Changed in version 1.4.0: Zstandard support.(pandas)
index (bool or None, default None) – The index is only used when ‘orient’ is ‘split’, ‘index’, ‘column’, or ‘table’. Of these, ‘index’ and ‘column’ do not support index=False.
indent (int, optional) – Length of whitespace used to indent each record.
storage_options (dict, optional) –
Extra options that make sense for a particular storage connection, e.g. host, port, username, password, etc. For HTTP(S) URLs the key-value pairs are forwarded to urllib.request.Request as header options. For other URLs (e.g. starting with “s3://”, and “gcs://”) the key-value pairs are forwarded to fsspec.open. Please see fsspec and urllib for more details, and for more examples on storage options refer here.

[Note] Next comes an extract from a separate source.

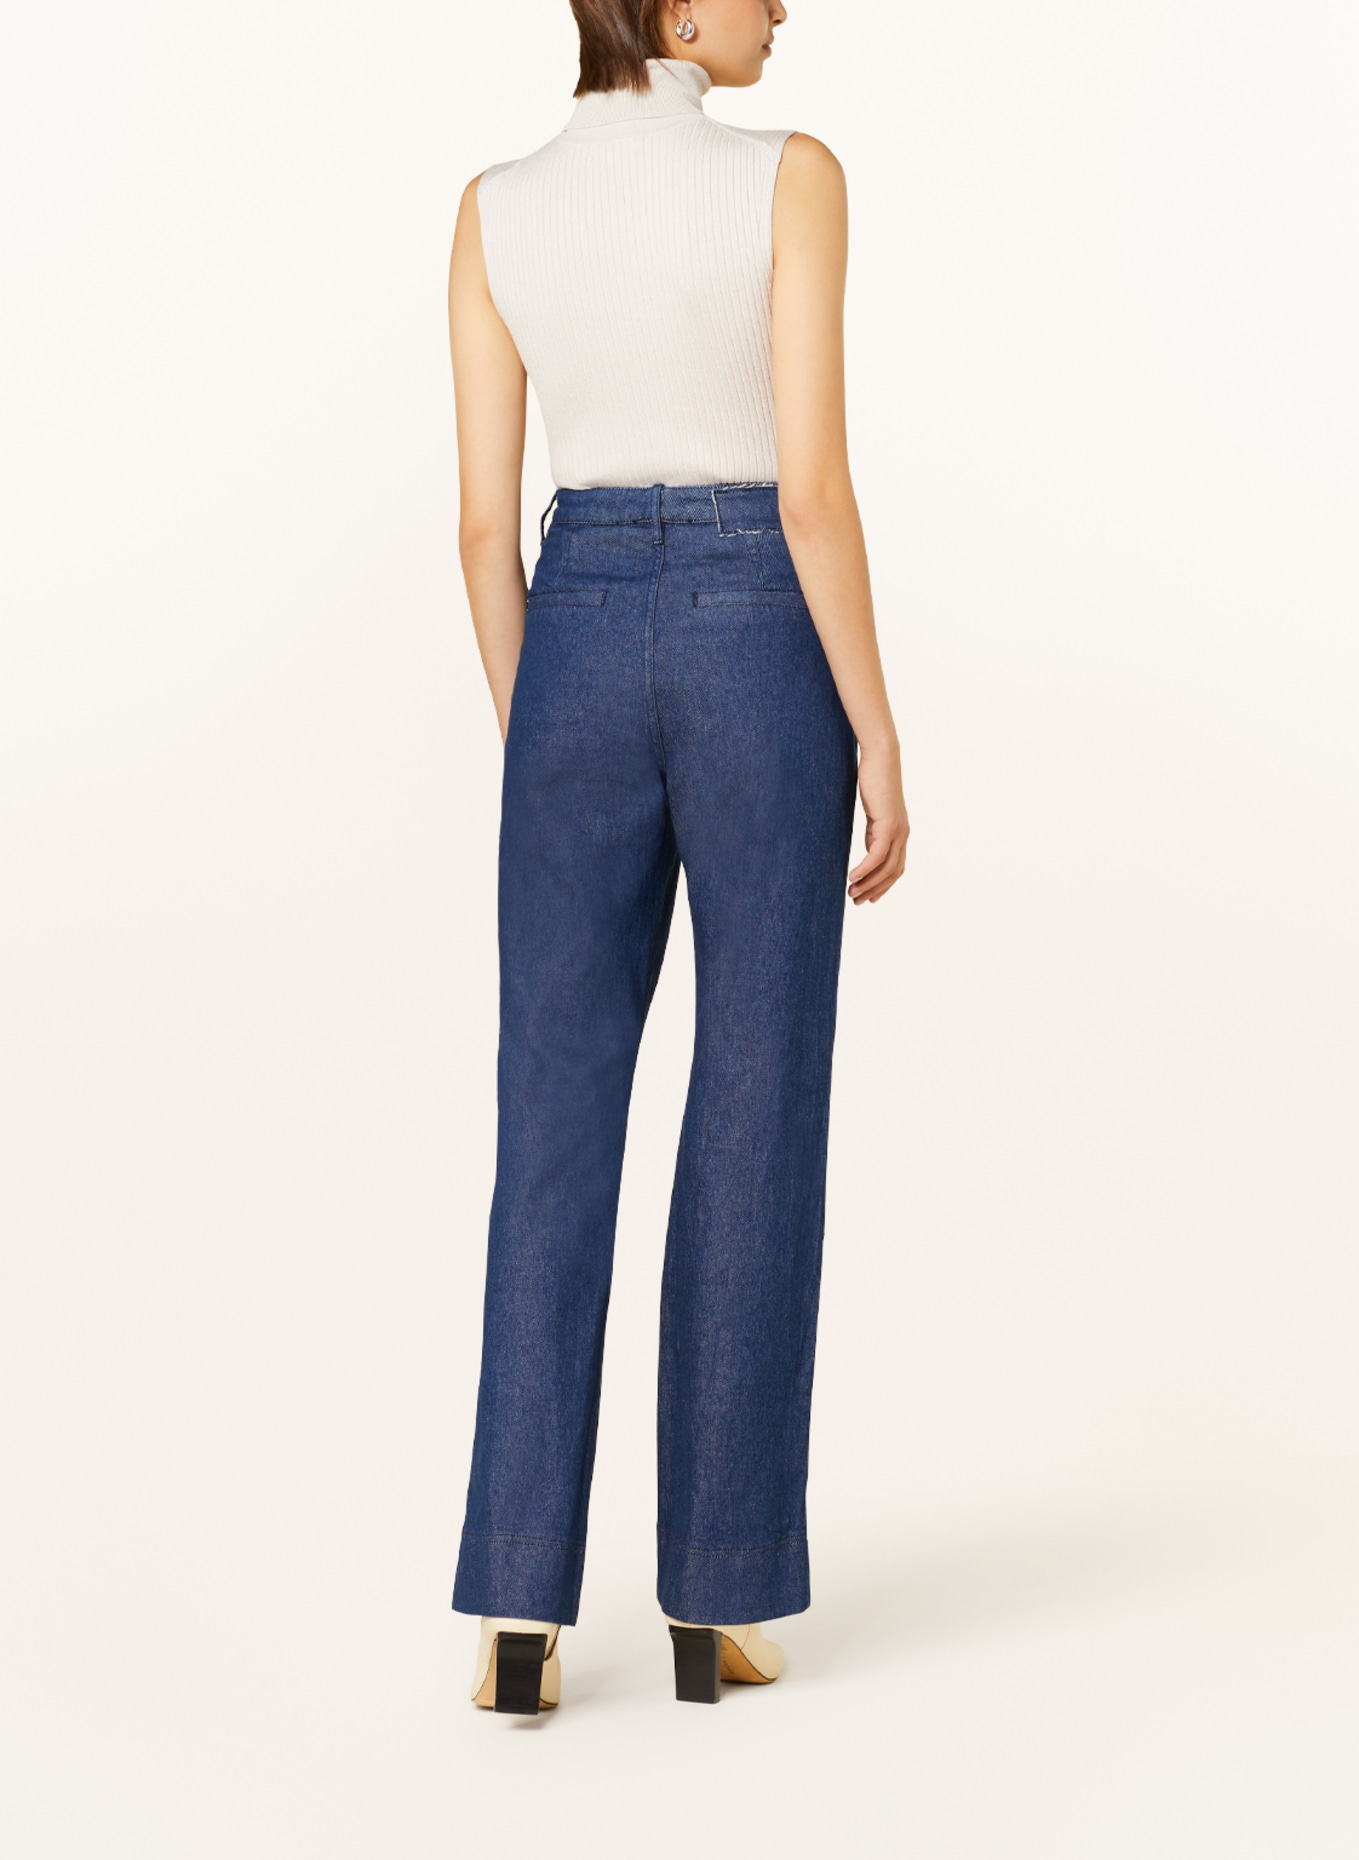 VANILIA Bootcut jeans, Color: 882 Jeans (Image 3)

New in version 1.2.0(pandas).
mode (str, default 'w' (writing)) – Specify the IO mode for output when supplying a path_or_buf. Accepted args are ‘w’ (writing) and ‘a’ (append) only. mode=’a’ is only supported when lines is True and orient is ‘records’.

Returns

If path_or_buf is None, returns the resulting json format as a string. Otherwise returns None.

Return type

None or str

See also

read_json: Convert a JSON string to pandas object.

Notes

The behavior of indent=0 varies from the stdlib, which does not indent the output but does insert newlines. Currently, indent=0 and the default indent=None are equivalent in pandas, though this may change in a future release.

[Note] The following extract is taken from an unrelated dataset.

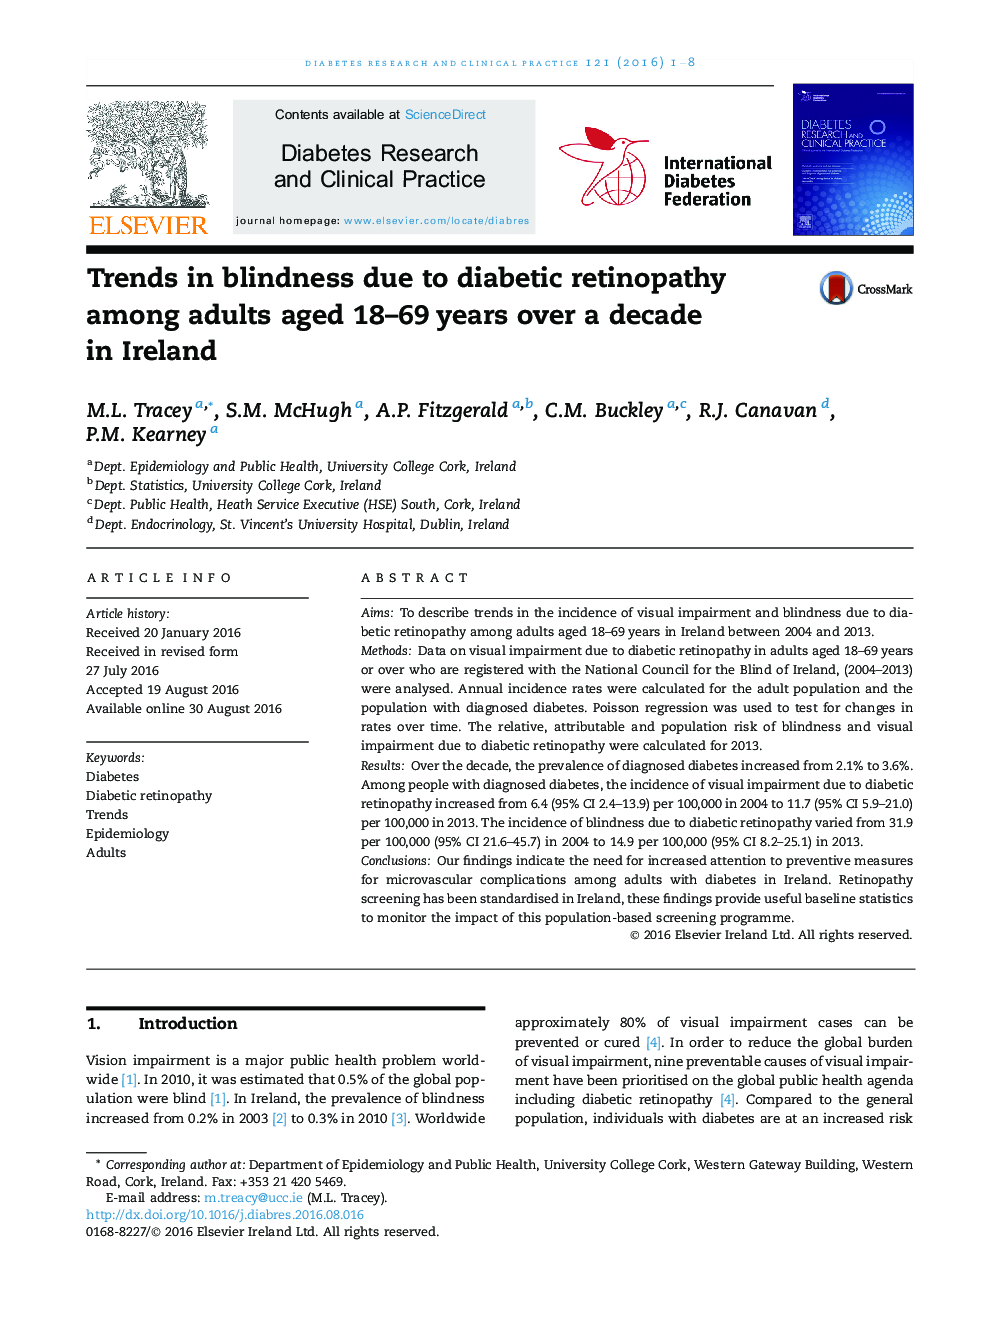 روند نابینایی به علت رتینوپاتی دیابتی در بین بزرگسالان سنین 18-69 ساله، یک سال بیش از یک دهه در ایرلند

orient='table' contains a ‘pandas_version’ field under ‘schema’. This stores the version of pandas used in the latest revision of the schema.

Examples

>>> from json import loads, dumps  
>>> df = pd.DataFrame(  
...     [["a", "b"], ["c", "d"]],
...     index=["row 1", "row 2"],
...     columns=["col 1", "col 2"],
... )

>>> result = df.to_json(orient="split")  
>>> parsed = loads(result)  
>>> dumps(parsed, indent=4)  
{
    "columns": [
        "col 1",
        "col 2"
    ],
    "index": [
        "row 1",
        "row 2"
    ],
    "data": [
        [
            "a",
            "b"
        ],
        [
            "c",
            "d"
        ]
    ]
}

Encoding/decoding a Dataframe using 'records' formatted JSON. Note that index labels are not preserved with this encoding.

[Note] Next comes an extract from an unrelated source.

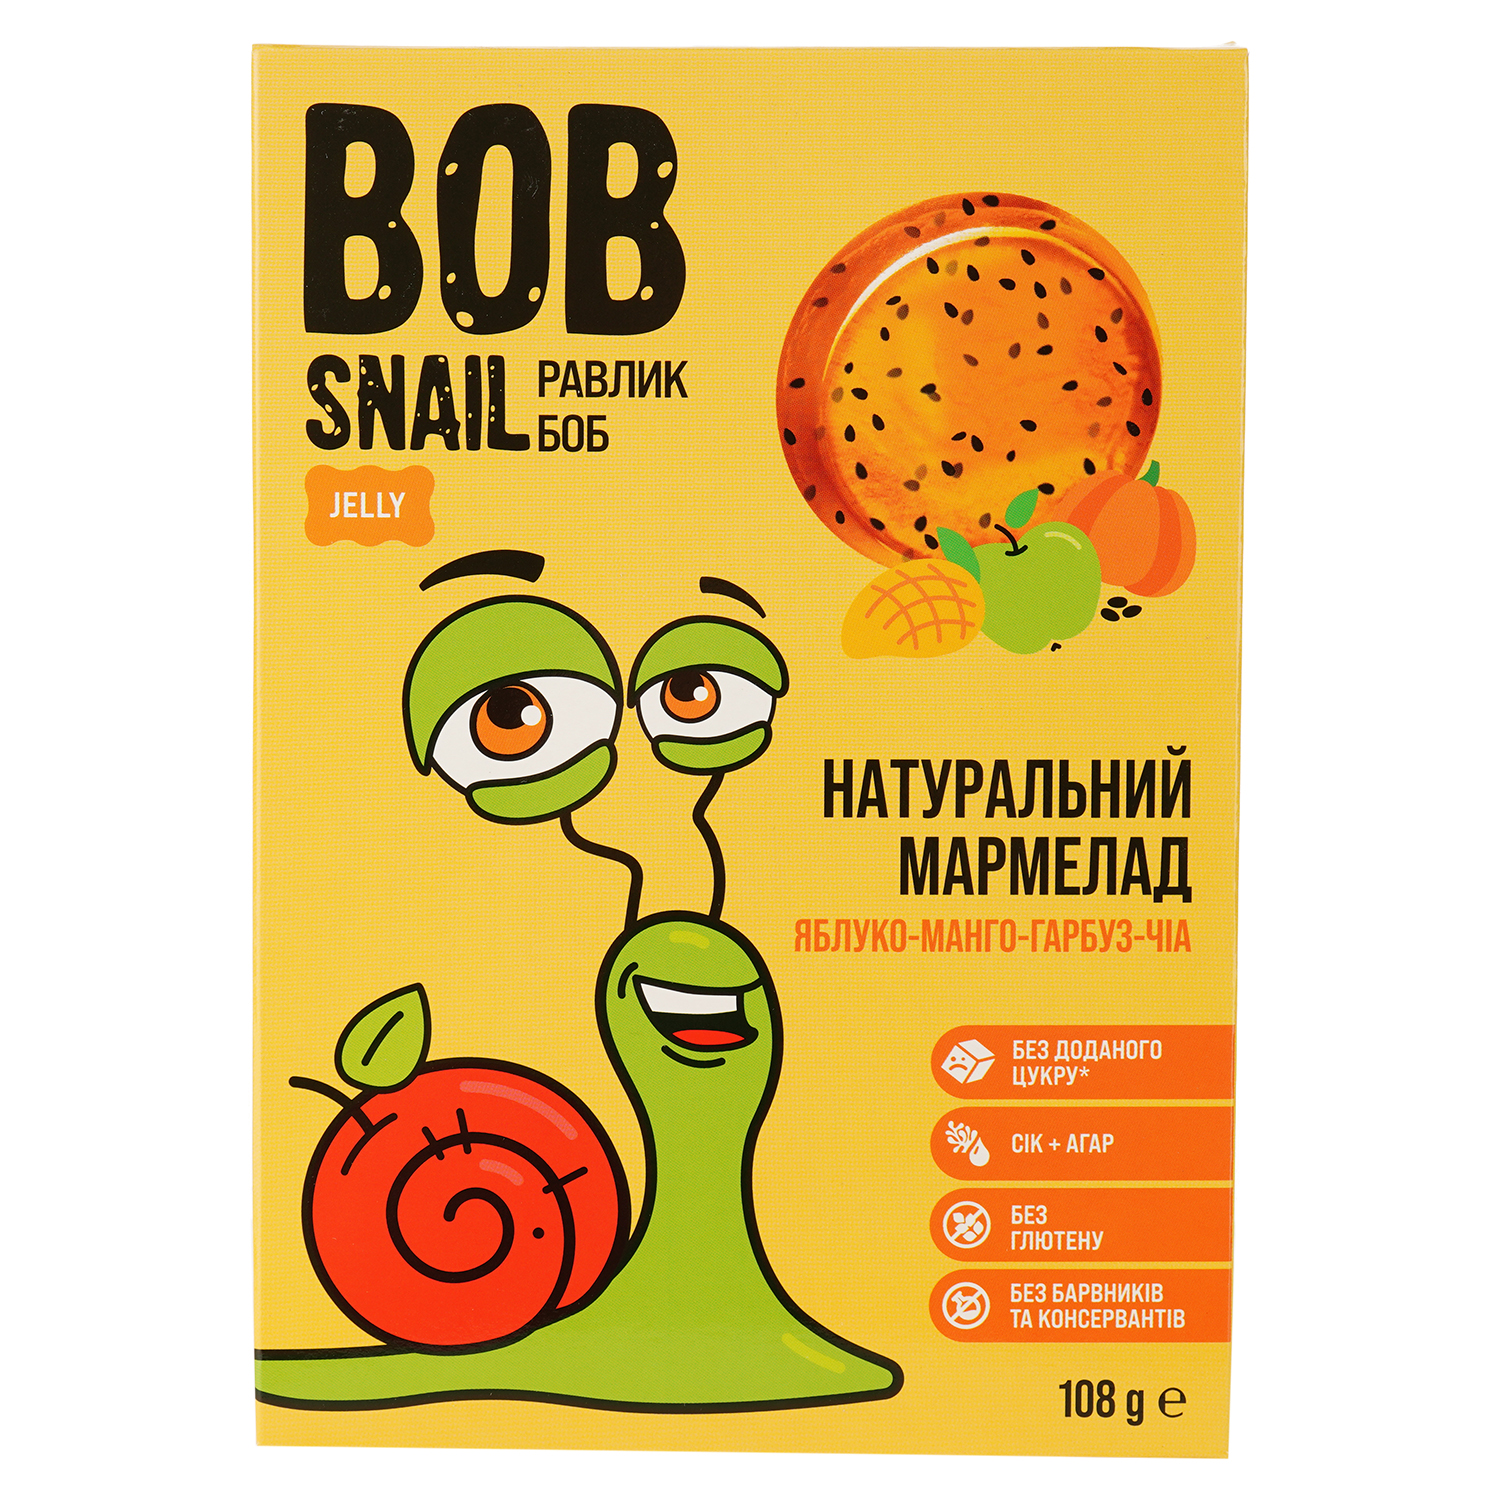 Фруктово-ягідно-овочевий мармелад Bob Snail Яблуко-Манго-Гарбуз-Чіа 108 г - фото 1

>>> result = df.to_json(orient="records")  
>>> parsed = loads(result)  
>>> dumps(parsed, indent=4)  
[
    {
        "col 1": "a",
        "col 2": "b"
    },
    {
        "col 1": "c",
        "col 2": "d"
    }
]

Encoding/decoding a Dataframe using 'index' formatted JSON:

>>> result = df.to_json(orient="index")  
>>> parsed = loads(result)  
>>> dumps(parsed, indent=4)  
{
    "row 1": {
        "col 1": "a",
        "col 2": "b"
    },
    "row 2": {
        "col 1": "c",
        "col 2": "d"
    }
}

Encoding/decoding a Dataframe using 'columns' formatted JSON:

>>> result = df.to_json(orient="columns")  
>>> parsed = loads(result)  
>>> dumps(parsed, indent=4)  
{
    "col 1": {
        "row 1": "a",
        "row 2": "c"
    },
    "col 2": {
        "row 1": "b",
        "row 2": "d"
    }
}

Encoding/decoding a Dataframe using 'values' formatted JSON:

>>> result = df.to_json(orient="values")  
>>> parsed = loads(result)  
>>> dumps(parsed, indent=4)  
[
    [
        "a",
        "b"
    ],
    [
        "c",
        "d"
    ]
]

Encoding with Table Schema:

>>> result = df.to_json(orient="table")  
>>> parsed = loads(result)  
>>> dumps(parsed, indent=4)  
{
    "schema": {
        "fields": [
            {
                "name": "index",
                "type": "string"
            },
            {
                "name": "col 1",
                "type": "string"
            },
            {
                "name": "col 2",
                "type": "string"
            }
        ],
        "primaryKey": [
            "index"
        ],
        "pandas_version": "1.4.0"
    },
    "data": [
        {
            "index": "row 1",
            "col 1": "a",
            "col 2": "b"
        },
        {
            "index": "row 2",
            "col 1": "c",
            "col 2": "d"
        }
    ]
}

Warning

This method has not been implemented yet. Xorbits will try to execute it with pandas.

This docstring was copied from pandas.core.frame.DataFrame.